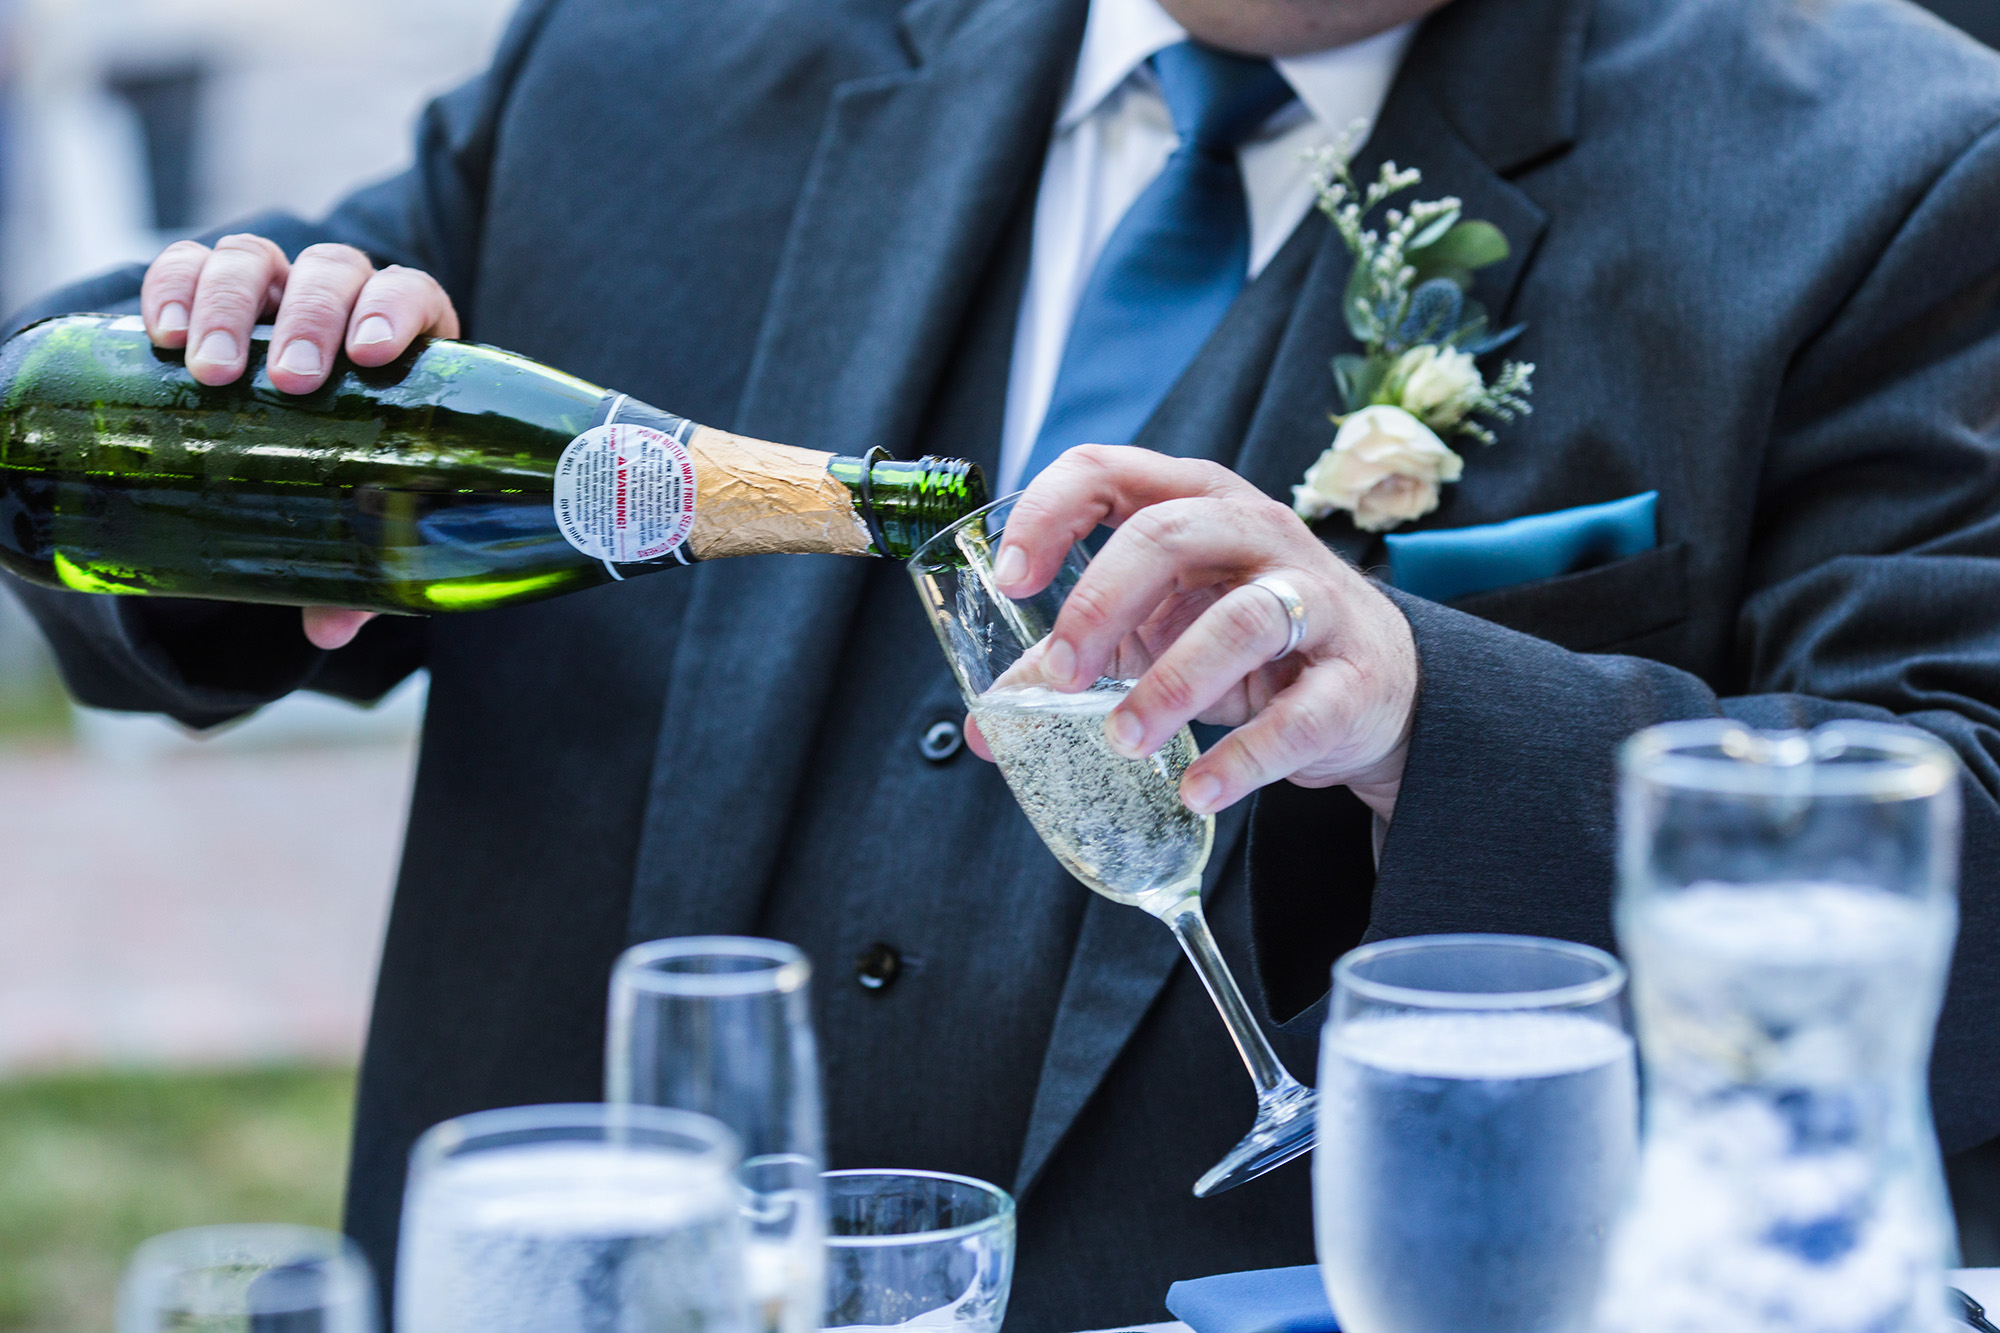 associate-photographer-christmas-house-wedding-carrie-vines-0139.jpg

■ ■ ■

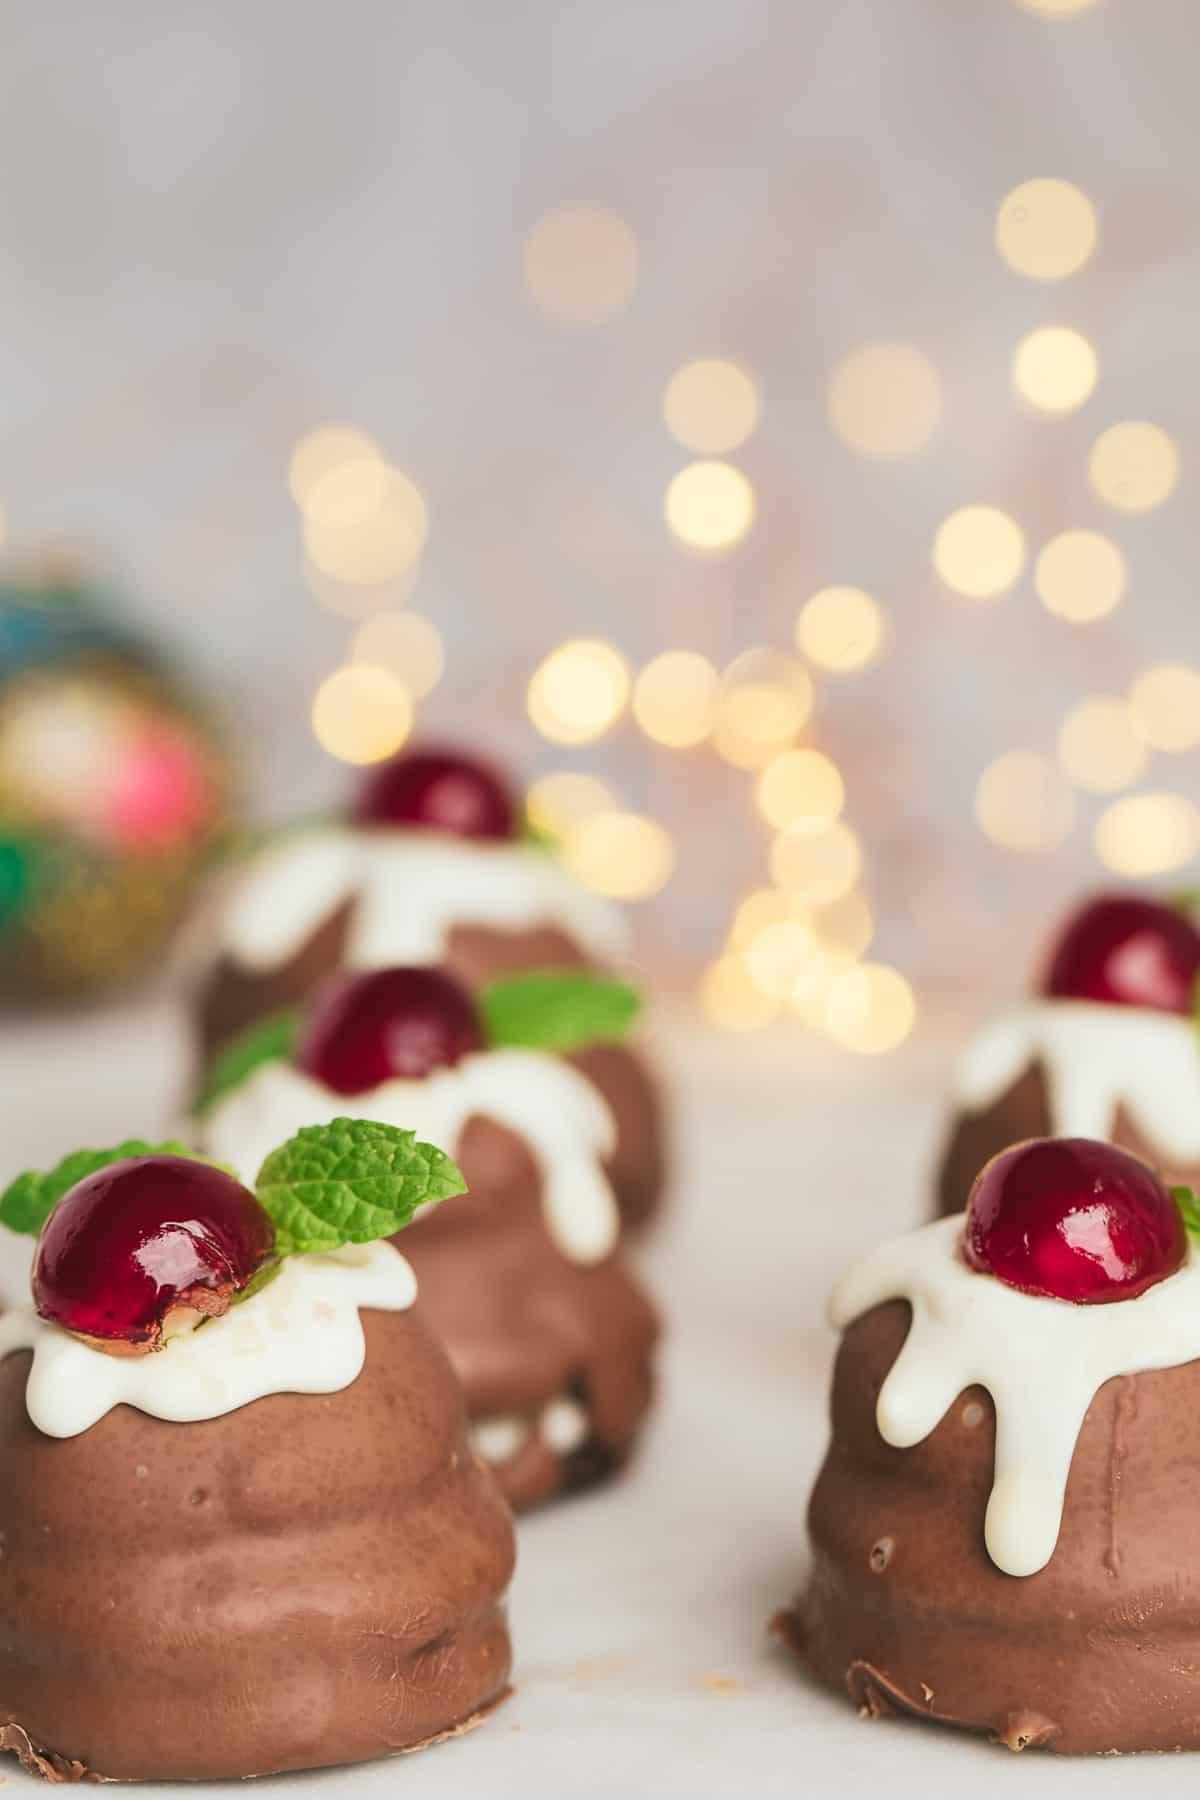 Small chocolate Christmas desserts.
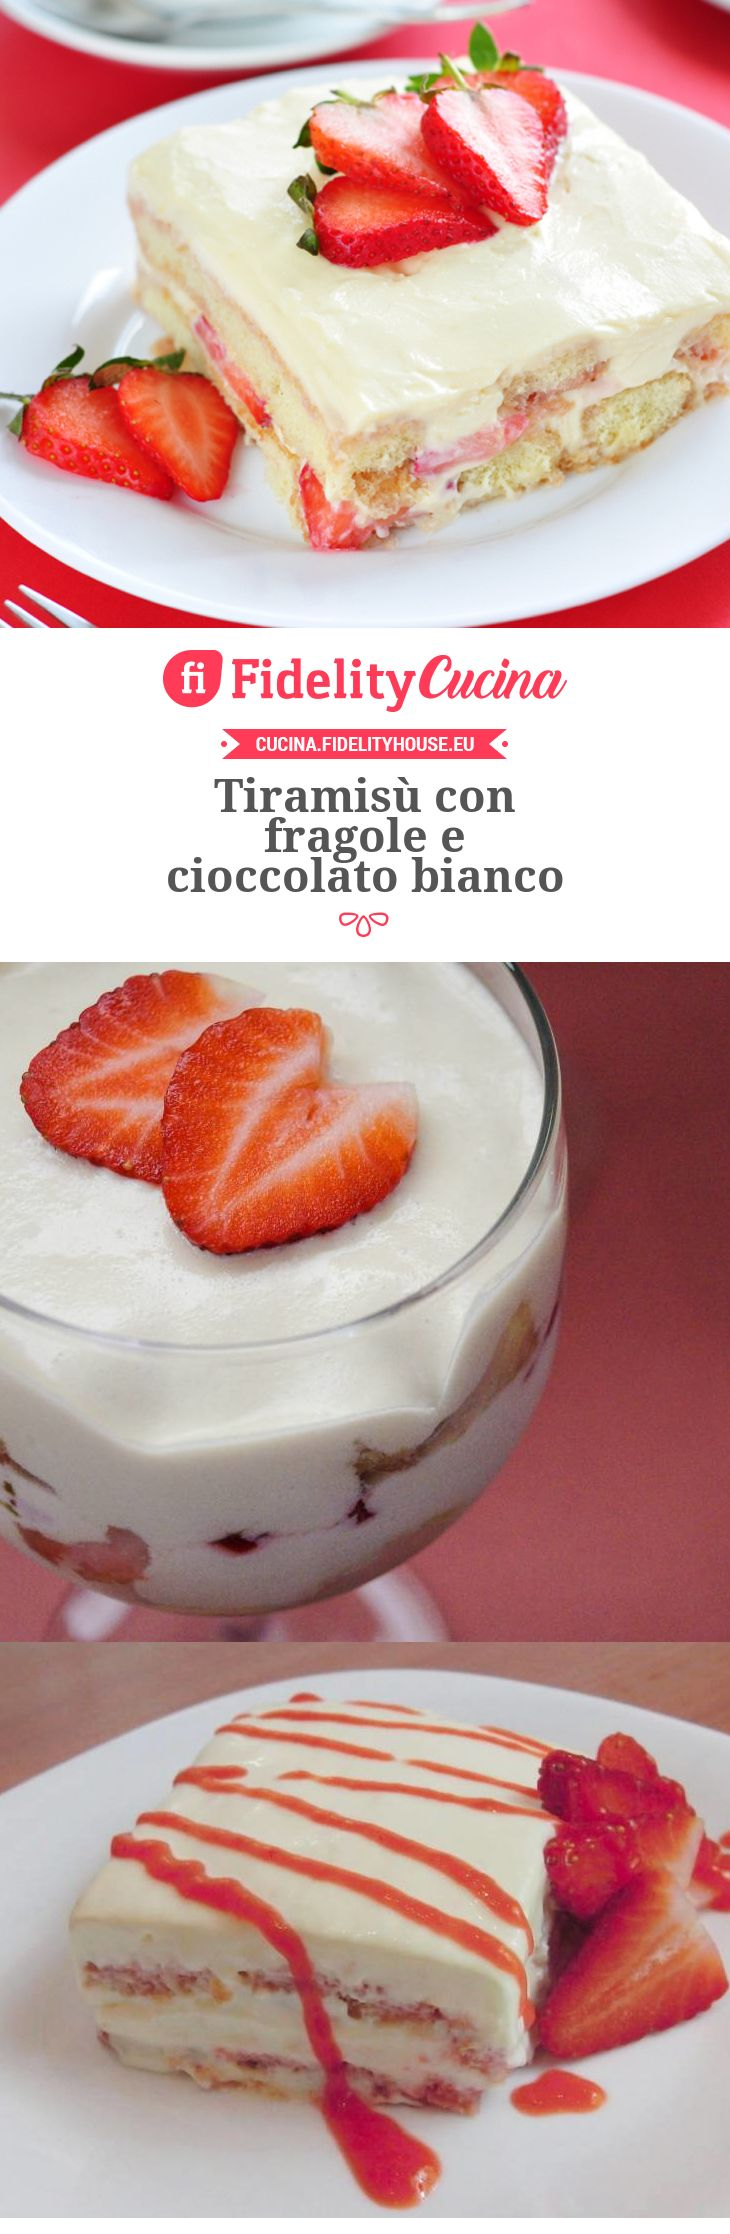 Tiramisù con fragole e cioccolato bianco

■ ■ ■

Among the entries above, take the lines from the one with "Small chocolate Christmas desserts." through the one with "Tiramisù con fragole e cioccolato bianco" and retype them exactly, leaving out the pictures.

Exercise response:
 Small chocolate Christmas desserts.
 Tiramisù con fragole e cioccolato bianco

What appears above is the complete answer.